Quantizing with AutoAWQ

Let's do a short demo and quantize Mistral 7B!

First, we install autoawq. It will allow us to easily quantize and perform inference on AWQ models! AutoAWQ also provides, by default, a pile-val dataset that will be used for the quantization process!

!pip install autoawq

Once we're done, we can download the model we want to quantize. First, let's log in with a read access token so we have access to the models.

Note: You need to first accept the terms in the repo.

from huggingface_hub import login

login("read_token")

Now everything is ready, so we can load the model and quantize it! Here, we will quantize the model to 4-bit!

from awq import AutoAWQForCausalLM
from transformers import AutoTokenizer

pretrained_model_dir = "mistralai/Mistral-7B-Instruct-v0.3"
quantized_model_dir = "mistral_awq_quant"

model = AutoAWQForCausalLM.from_pretrained(
    pretrained_model_dir, **{"low_cpu_mem_usage": True, "use_cache": False}
)
tokenizer = AutoTokenizer.from_pretrained(pretrained_model_dir, trust_remote_code=True)

# quantize the model
quant_config = { "zero_point": True, "q_group_size": 128, "w_bit": 4, "version": "GEMM" }
model.quantize(tokenizer, quant_config=quant_config)

Now that the model is quantized, we can save it so we can share it or load it later!
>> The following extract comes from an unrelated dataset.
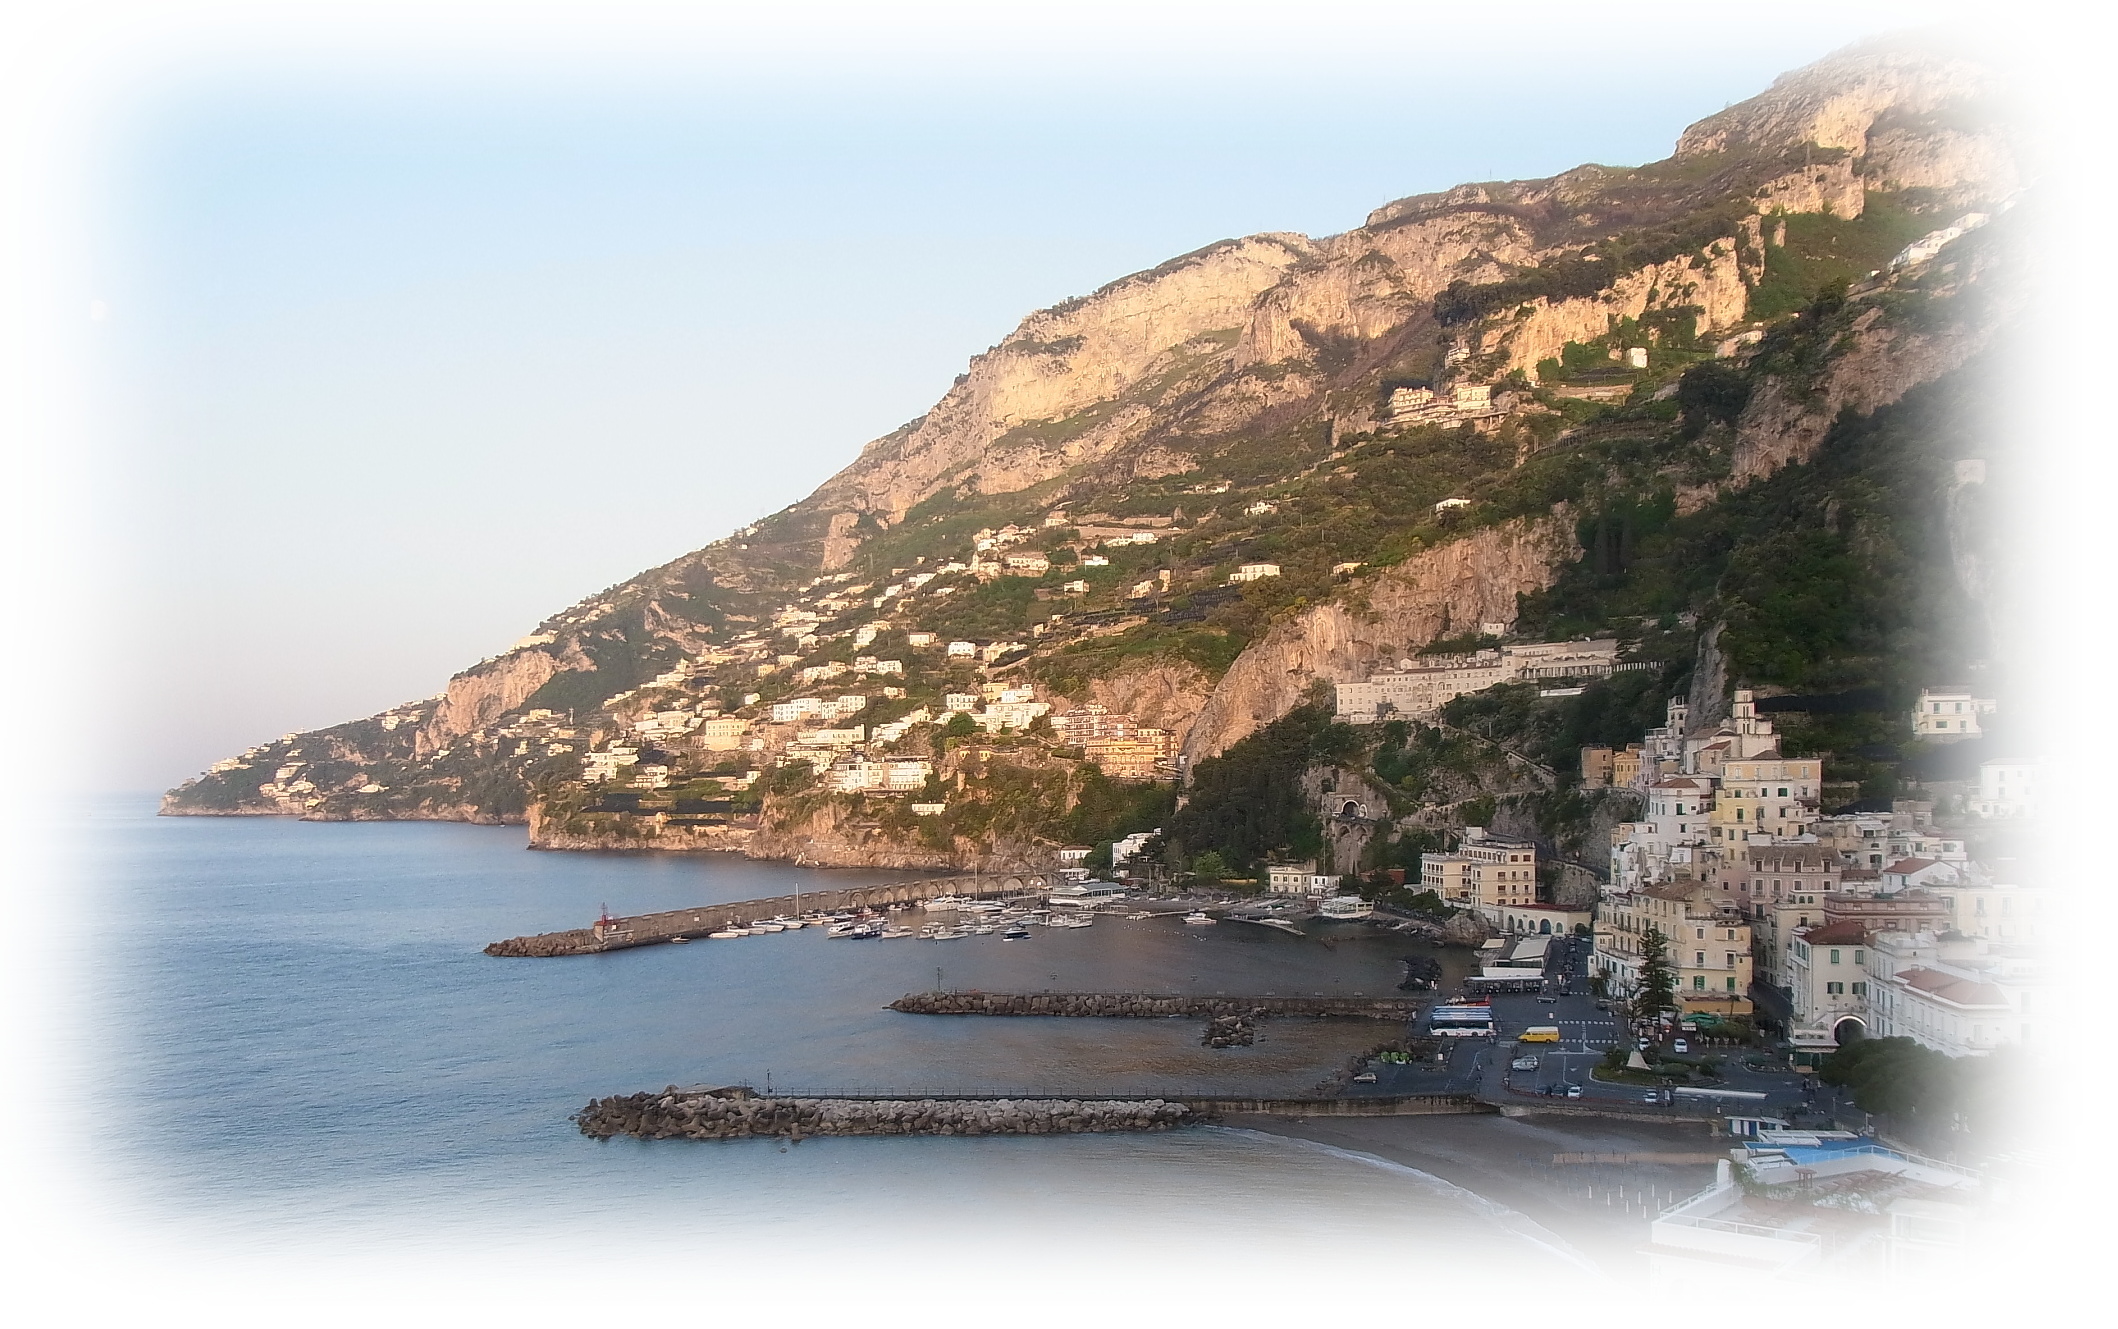 Amalfi coast seen from Hotel Luna convento in the early morning. 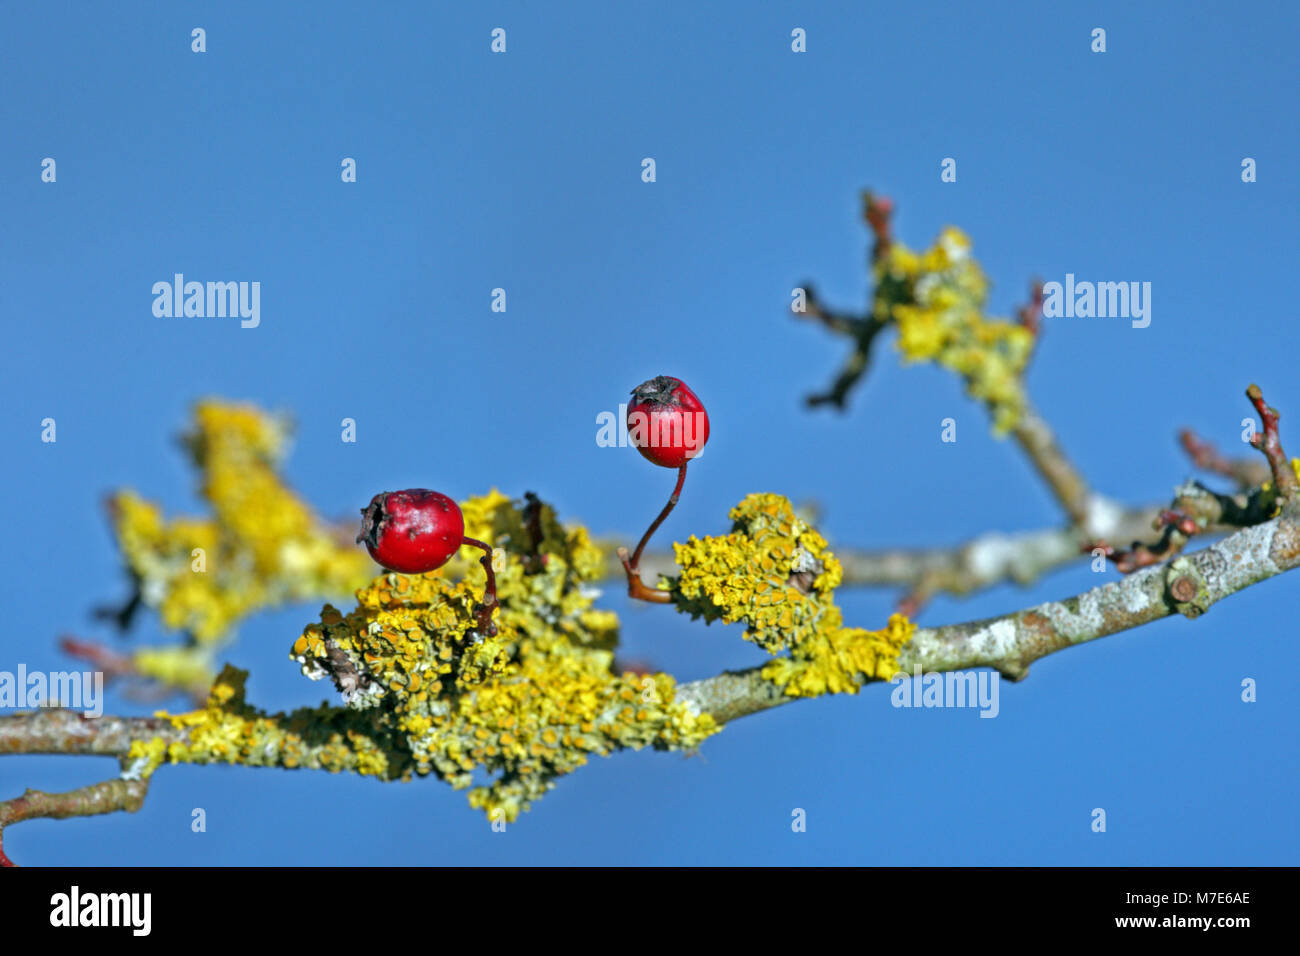 Yellow lichen covers a hawthorn branch with two red berries against a blue sky. Stock Photo

Since quantizing with AWQ takes a while and some resources, it's advised to always save them.

model.save_quantized(quantized_model_dir)

tokenizer.save_pretrained(quantized_model_dir)

Model quantized and saved to AWQ 4-bit precision!

You can also load it for inference using autoawq as follows:

model = AutoAWQForCausalLM.from_quantized(quantized_model_dir, device="cuda:0") # loads quantized model to the first GPU
tokenizer = AutoTokenizer.from_pretrained(pretrained_model_dir)

conversation = [{"role": "user", "content": "How are you today?"}]

prompt = tokenizer.apply_chat_template(
            conversation,
            tokenize=False,
            add_generation_prompt=True,
)

inputs = tokenizer(prompt, return_tensors="pt")
inputs.to("cuda:0") # loads tensors to the first GPU

outputs = model.generate(**inputs, max_new_tokens=32)
response = tokenizer.decode(outputs[0], skip_special_tokens=True)

print(response)